Um diese Aktivitäten zu fördern, das Wissen um die lokale Industrie zu mehren, ersuchen wir Sie, eventuell bei Ihnen zu Hause befindliche Literatur, Dokumente, Bilder und Gegenstände dem Stadtarchiv zu überlassen. Gesammelt wird alles, was zu den Themen Industrie und Mobilität anfällt: Fotos, Ansichtskarten, Werbebroschüren, Produktkataloge, Preislisten, Rechnungen, Jubiläumsschriften, Zeitungsberichte, Pläne, Briefe, biografische Dokumente zu Firmengründern und Mitarbeitern, Zeugnisse, historische Reiseunterlagen, Firmentafeln, um nur einige Beispiele anzuführen. Falls Sie sich von Ihren Originalen nicht trennen möchten, gestatten Sie uns die Möglichkeit zur Anfertigung eines Digitalisats!

Die Topothek

Was ist die Topothek?

Die Topothek Wiener Neustadt gehört einer großen Online-Plattform an, die sich zum Ziel gesetzt hat, das historische Erbe, das sich in privaten Händen befindet, über das Web verfügbar zu machen. Bei der Topothek handelt sich um eine moderne Bild-Datenbank, welche die Werkzeuge der Beschlagwortung, Datierung und Verortung bietet. Dem Benutzer wird dadurch ermöglicht, gezielt nach Bildinhalten zu suchen.

Wie kann man mitmachen?

Zu Hause nachsehen, ob man in Besitz alter Familienfotos ist, die vielleicht ein Wohnhaus, Stadtansichten, Personengruppen etc. enthalten. Wenn Sie zusätzlich noch Informationen zu einzelnen Bildern haben, bitten wir, diese einem der unten angeführten Topothekare mitzuteilen.
Indem Besitzer von Dokumenten uns diese überlassen, was schließlich zu einer guten Dauerarchivierung des Originals im Stadtarchiv führen würde. Oder es werden uns Dokumente für die Anfertigung eines Scans zur Verfügung gestellt.
Die zweite Möglichkeit ist, direkt als Topothekar am Aufbau der Bilddatenbank mitzuwirken. Unter Mitarbeit der Bevölkerung kann das lokalgeschichtlich wertvolle Material und Wissen, das sich in privaten Händen befindet, gesichert, erschlossen und online sichtbar gemacht werden.
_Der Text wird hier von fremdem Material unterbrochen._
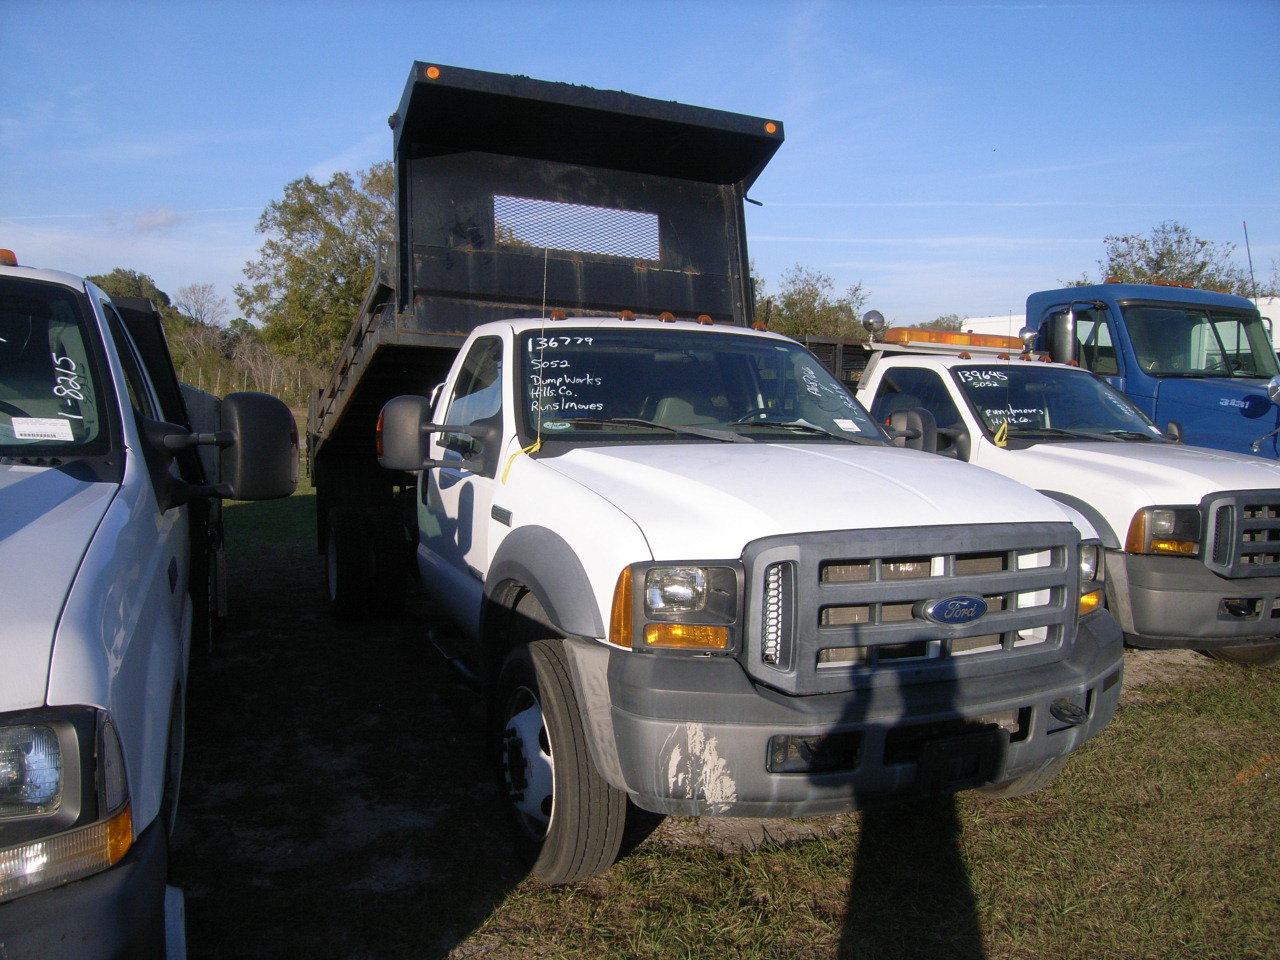 1-08214 (Trucks-Dump)  Seller:Hillsborough County B.O.C.C. 2006 FORD F450

Nach Vereinbarung am Mittwoch ab 13.00 Uhr treffen sich die Topothekare im Stadtarchiv, wo gemeinsam neues Bildmaterial eingepflegt wird, und bei schwierigen Ansichten gemeinsam über den exakten Ort der Bildentstehung und über Bilddetails und Datierung diskutiert wird. Hier können auch die Hilfsmittel des Stadtarchivs wie z. B. alte Adressbücher und Stadtpläne genutzt werden. Für stadtgeschichtlich Interessierte ist das gewiss eine spannende Tätigkeit und bietet die Möglichkeit, Gleichgesinnte kennen zu lernen.
Mit dem Topothek-Programm vertraute Topothekare können von ihrem Heimcomputer aus Bilder hochladen und Daten eingeben. Die Freischaltung erfolgt allerdings über das Kollektiv.
Eine weitere Tätigkeit der Topothekare ist es, Personen im Umkreis anzusprechen, ob diese Bildmaterial besitzen und bereit wären ein solches zur Verfügung zu stellen.

Der Topothek gehören bereits über 60 niederösterreichische Gemeinden an und wird von immer mehr Institutionen im In- und Ausland anerkannt. Im Landesarchiv finden zum gegenseitigen Kennenlernen regelmäßig Treffen der Topothekare statt. Gleichzeitig dienen diese Treffen der Weiterbildung, um die Möglichkeiten der Topothek noch besser zu nutzen.

Aufruf zur Überlassung von Bildern

Wenn auch Sie Fotos, Ansichtskarten, Videos, Schriftdokumente besitzen, welche die Veränderung der Stadt, eines Straßenzuges oder eines Gebäudes zeigen, ermöglichen Sie uns bitte, einen Scan oder ein Repro anzufertigen und stellen Sie ihre Schätze für dieses Projekt zur Verfügung! Die Originale werden selbstverständlich retourniert.
Ganz besonders freuen würden wir uns über jegliches Foto- und Dokumentenmaterial sowie über Objekte betreffend die historische Mobilität (Wiener Neustädter Lokomotivfabrik, Österreichische Daimler Motorenwerke, Flugzeugerzeugung, Flugfelder und Flugbetrieb, Bahn, Wiener Neustädter Kanal, Fahrrad und Radfahrvereinigungen, Kfz-Gewerbe, etc.). Helfen Sie uns, diese Raritäten zu bergen, zu sichern und zugänglich zu machen!